Proper answers will be posted on my blog secret-gems.blogspot.com and accredited to you :]
Want to learn swimming? PM me for bookings =)
 
henry14 Registered User
Join Date: Jul 2009
Posts: 1
Trade rep: 0%
henry14 Jul 14th, 09, 11:15 AM #2 (permalink)
Notion 1 (Fundamental pain of holding)

if the share price drops from 0.40 to 0.19 and the fundamentals haven't changed, the share should be even more of a bargain to you. the last thing that you should do in this situation is sell.

However, if the fundamentals are no longer any good then you should sell. To minimize this, you should look for companies that have consistently good fundamentals over a long period of time. this will usually lead you to companies with solid economic moats, and good management, which will minimize the chances of fundamentals dropping.

Notion 2 (Technical advantage over you)

if you can handle the risk involved in investing in a company which you don't completely understand, go ahead. remember, warren buffett said that "you pay a very high price in the stock market for a cheery consensus"

Notion 3 (Keep a constant look out?)

If a company has a solid economic moat and good management in place, the chances of fundamentals deteriorating is reduced. however, if it does deteriorate, the question to be asked is if this is the result of a one-off external event or the eroding of the company's moat. if the company's moat is being eroded, then sell. the chances of the company regaining its original earnings power is quite slim without its economic moat.

Notion 4 (The problem with valuation)

true, the valuation models used by value investors requires a lot of guess work.
Quote:
Originally Posted by "Security Analysis" by Benjamin Graham and David Dodd
The essential point is that security analysis does not seek to determine exactly what is the intrinsic value of a given security. It needs only to establish either that the intrinsic value is adequate - e.g. to protect a bond or to justify a stock purchase - or else that the value is considerably higher or considerably lower than the market price. For such purposes, an indefinite and approximate measure of the intrinsic value may be sufficient. To use a homely simile, it is quite possible by inspection that a woman is old enough to vote without knowing her age, or that a man is heavier than he should be without knowing his exact weight.
but if a stock is under priced, it should be quite obviously under priced, or else, the margin of safety is too small to be considered safe. the margin of safety will ensure that if you were to guess wrongly, you won't take too much of a hit. take for example, the GSI group (NASDAQ:GSIG). it has a market cap of $22.51m, but as of June 2008, it has no long term debt, $183.27m in cash and equivalent and a price/book ratio of 0.06. If not for its accounting issues, this is an example of "knowing that a woman is old enough to vote without knowing her age"

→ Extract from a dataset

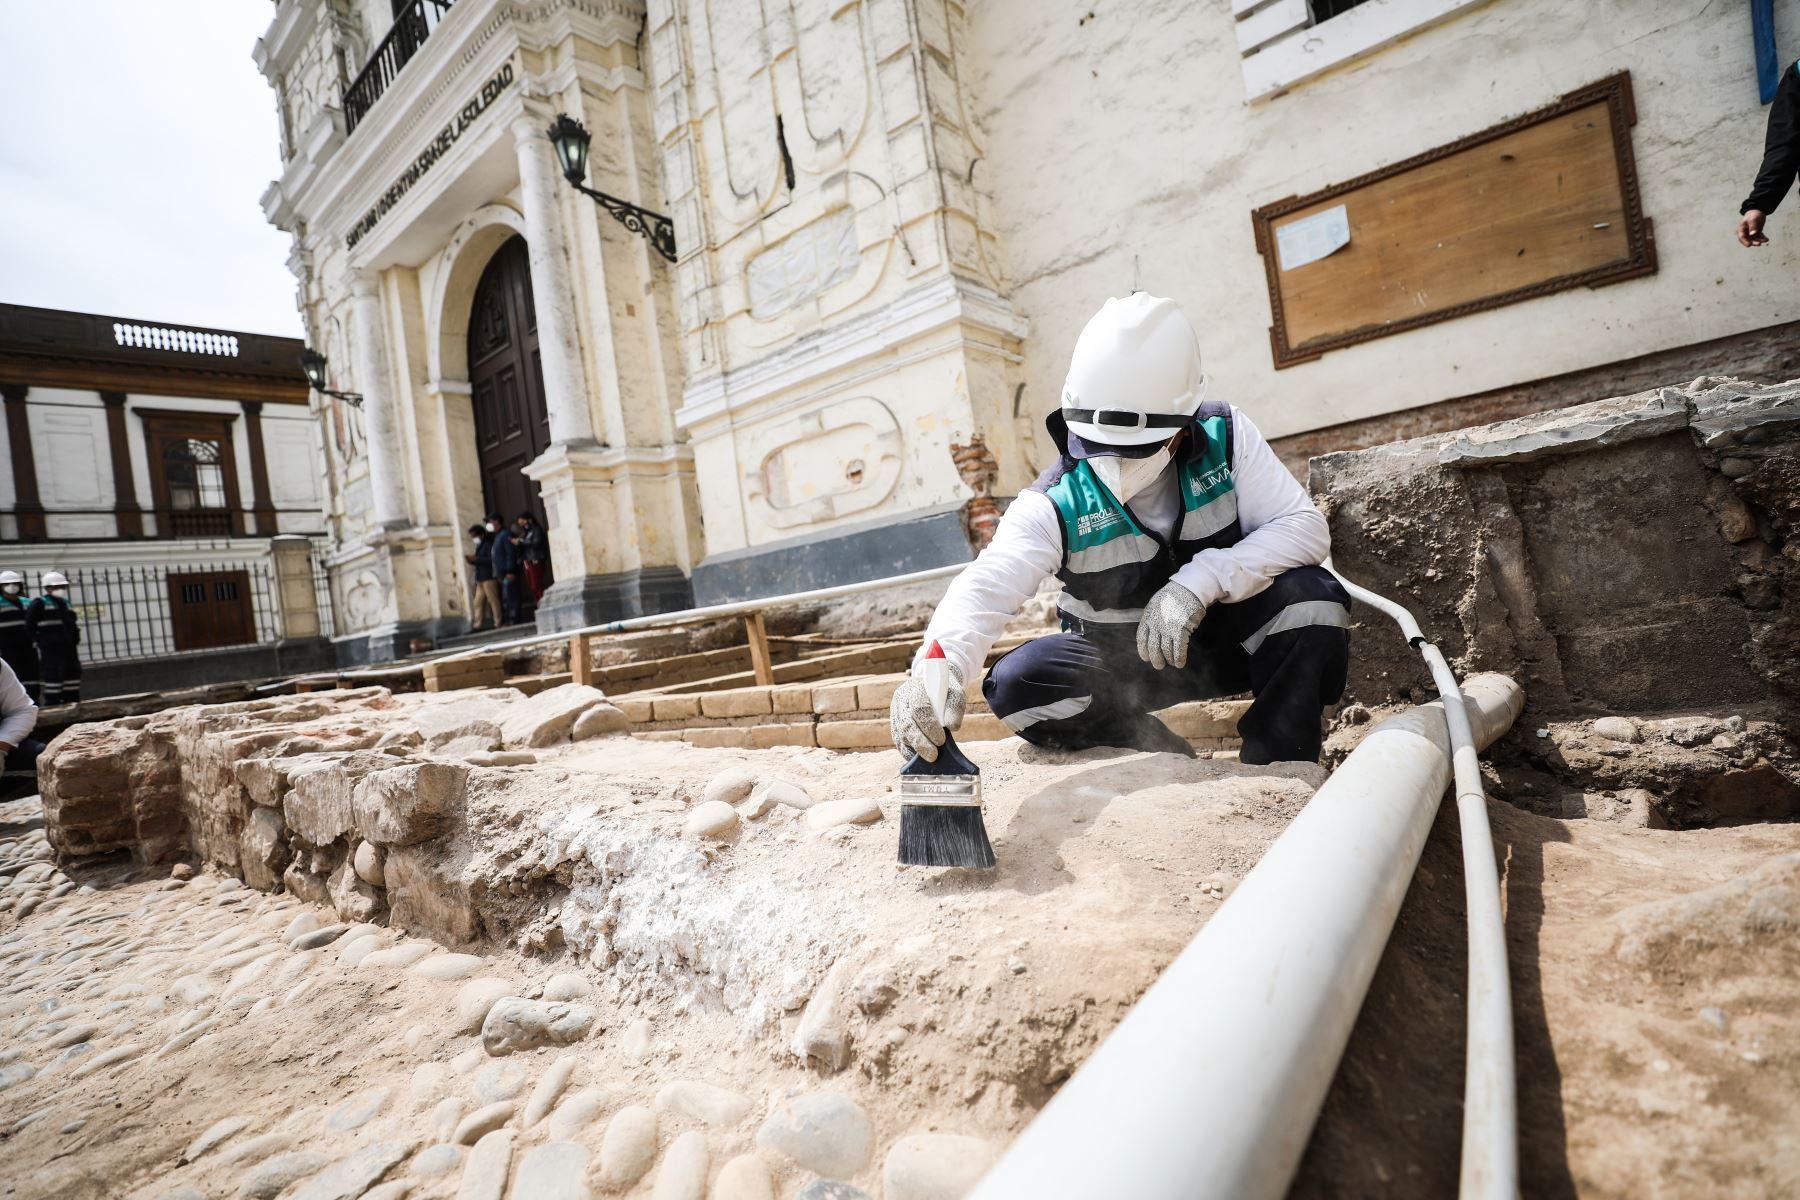 El proyecto de investigación arqueológica de la plazuela de San Francisco comenzó en diciembre del 2019 pero quedó paralizado debido al estado de emergencia nacional por la pandemia. Foto: ANDINA/Municipalidad de Lima

Notion 5 (How big is BIG?)

"How big is big?" is a very subjective question. the only way we can make sense of ratio is if we compare it to similar companies. the bigger the margins are when compared to competitors, the higher the chances that the company has a strong competitive advantage. If a company consistently has a higher profit margin or ROE than its peers, it is probably due to some competitive advantage, and a sign of an economic moat.

i am relatively new to investing, so do correct me if i have said anything wrong.